The amine curing agent may be various amine curing agents known in the field. Specific examples of the amine curing agent include at least one of diaminodiphenyl sulfone, diaminodiphenyl methane, diaminodiphenyl ether, diaminodiphenyl sulfide and dicyandiamide, or a combination thereof, but the present disclosure is not limited thereto.
The styrene maleic anhydride may be various styrene maleic anhydrides known in the field, wherein the ratio of the styrene (St) and maleic anhydride (MA) may be 1/1, 2/1, 3/1, 4/1, 6/1, 8/1 or 12/1. Specific examples of the styrene maleic anhydride include styrene maleic anhydride copolymers, such as SMA-1000, SMA-2000, SMA-3000, EF-30, EF-40, EF-60 and EF-80 available from Cray Valley, or styrene maleic anhydride copolymer, such as C400, C500, C700, and C900 available from Polyscope, but the present disclosure is not limited thereto.
The polyamide may be various polyamides known in the field, including various commercially available polyamide resin products, but the present disclosure is not limited thereto.
The polyimide may be various polyimides known in the field, including various commercially available polyimide resin products, but the present disclosure is not limited thereto.
Besides the aforesaid components, the resin composition of the present disclosure may also further include a flame retardant, a curing accelerator, a polymerization inhibitor, an inorganic filler, solvent, a silane coupling agent, a surfactant, a coloring agent, a toughening agent, or a combination thereof.
For instance, the inorganic filler applicable to the present disclosure may be any one or more of the inorganic fillers applicable to the production of a prepreg, a resin film, a laminate, or a printed circuit board. Specific examples of the inorganic filler include silica (fused, non-fused, porous or hollow type), aluminum oxide, aluminum hydroxide, magnesium oxide, magnesium hydroxide, calcium carbonate, aluminum nitride, boron nitride, aluminum silicon carbide, silicon carbide, titanium dioxide, barium titanate, lead titanate, strontium titanate, calcium titanate, magnesium titanate, barium zirconate, lead zirconate, magnesium zirconate, lead zirconate titanate, zinc molybdate, calcium molybdate, magnesium molybdate, ammonium molybdate, zinc molybdate-modified talc, zinc oxide, zirconium oxide, mica, boehmite (AlOOH), calcined talc, talc, silicon nitride, zirconium tungstate, petalite, calcined kaolin, or a combination thereof, but the present disclosure is not limited thereto. Moreover, the inorganic filler may be spherical (including solid sphere-shaped or hollow-shaped), fibrous, plate, particulate, flake or whisker and may be optionally pretreated by a silane coupling agent. For instance, in one exemplary embodiment, the resin composition of the present disclosure may also further include 10 parts by weight to 300 parts by weight of the inorganic filler, preferably 100 parts by weight to 250 parts by weight of the inorganic filler, but the present disclosure is not limited thereto, with respect to 100 parts by weight of the unsaturated C═C double bond-containing polyphenylene ether resin.

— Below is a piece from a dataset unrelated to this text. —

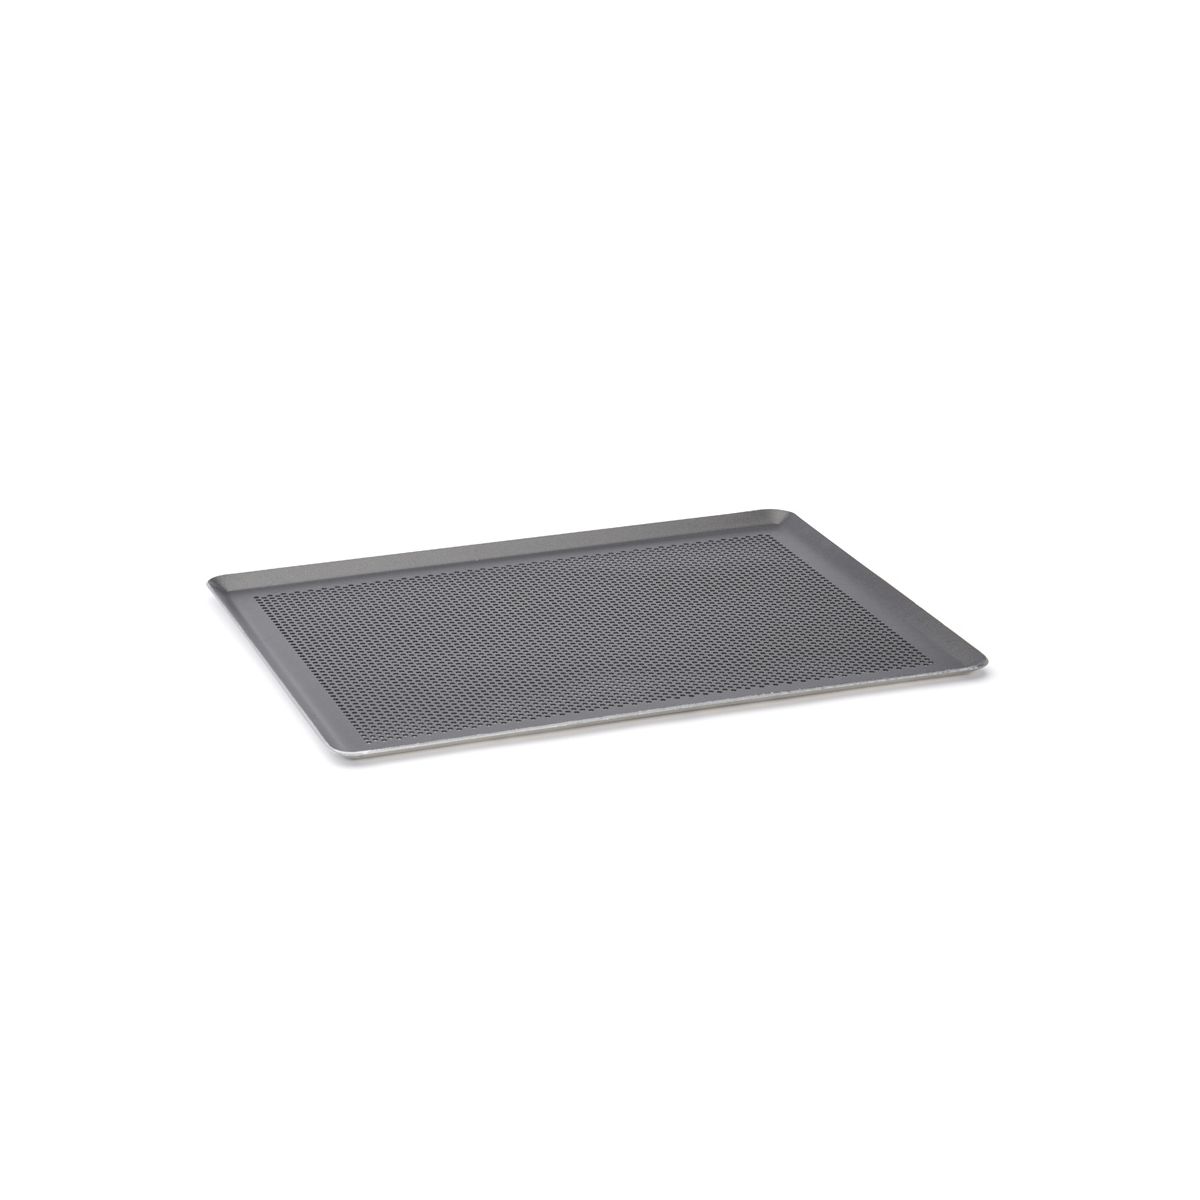 https://media2.debuyer.com/62645-thickbox_default/non-stick-baking-tray-microperforated.jpg

For instance, the flame retardant applicable to the present disclosure may be any one or more of flame retardants applicable to the production of a prepreg, a resin film, a laminate, or a printed circuit board, such as bromine-containing flame retardant or phosphorus-containing flame retardant, but the present disclosure is not limited thereto. The bromine-containing flame retardant preferably comprises decabromodiphenyl ethane, and the phosphorus-containing flame retardant preferably comprises: ammonium polyphosphate, p-hydroquinone bis(diphenyl phosphate), bisphenol A bis(diphenylphosphate), tri(2-carboxyethyl) phosphine (TCEP), phosphoric acid tris(chloroisopropyl) ester, trimethyl phosphate (TMP), dimethyl methyl phosphonate (DMMP), resorcinol bis(dixylenyl phosphate) (RDXP, such as commercially available PX-200, PX-201, and PX-202), phosphazene (such as commercially available SPB-100, SPH-100, and SPV-100), melamine polyphosphate, 9,10-dihydro-9-oxa-10-phosphaphenanthrene-10-oxide (DOPO) and its derivatives or resins, diphenylphosphine oxide (DPPO) and its derivatives or resins, melamine cyanurate and tri-hydroxy ethyl isocyanurate, aluminium phosphinate (such as commercially available OP-930 and OP-935), or a combination thereof.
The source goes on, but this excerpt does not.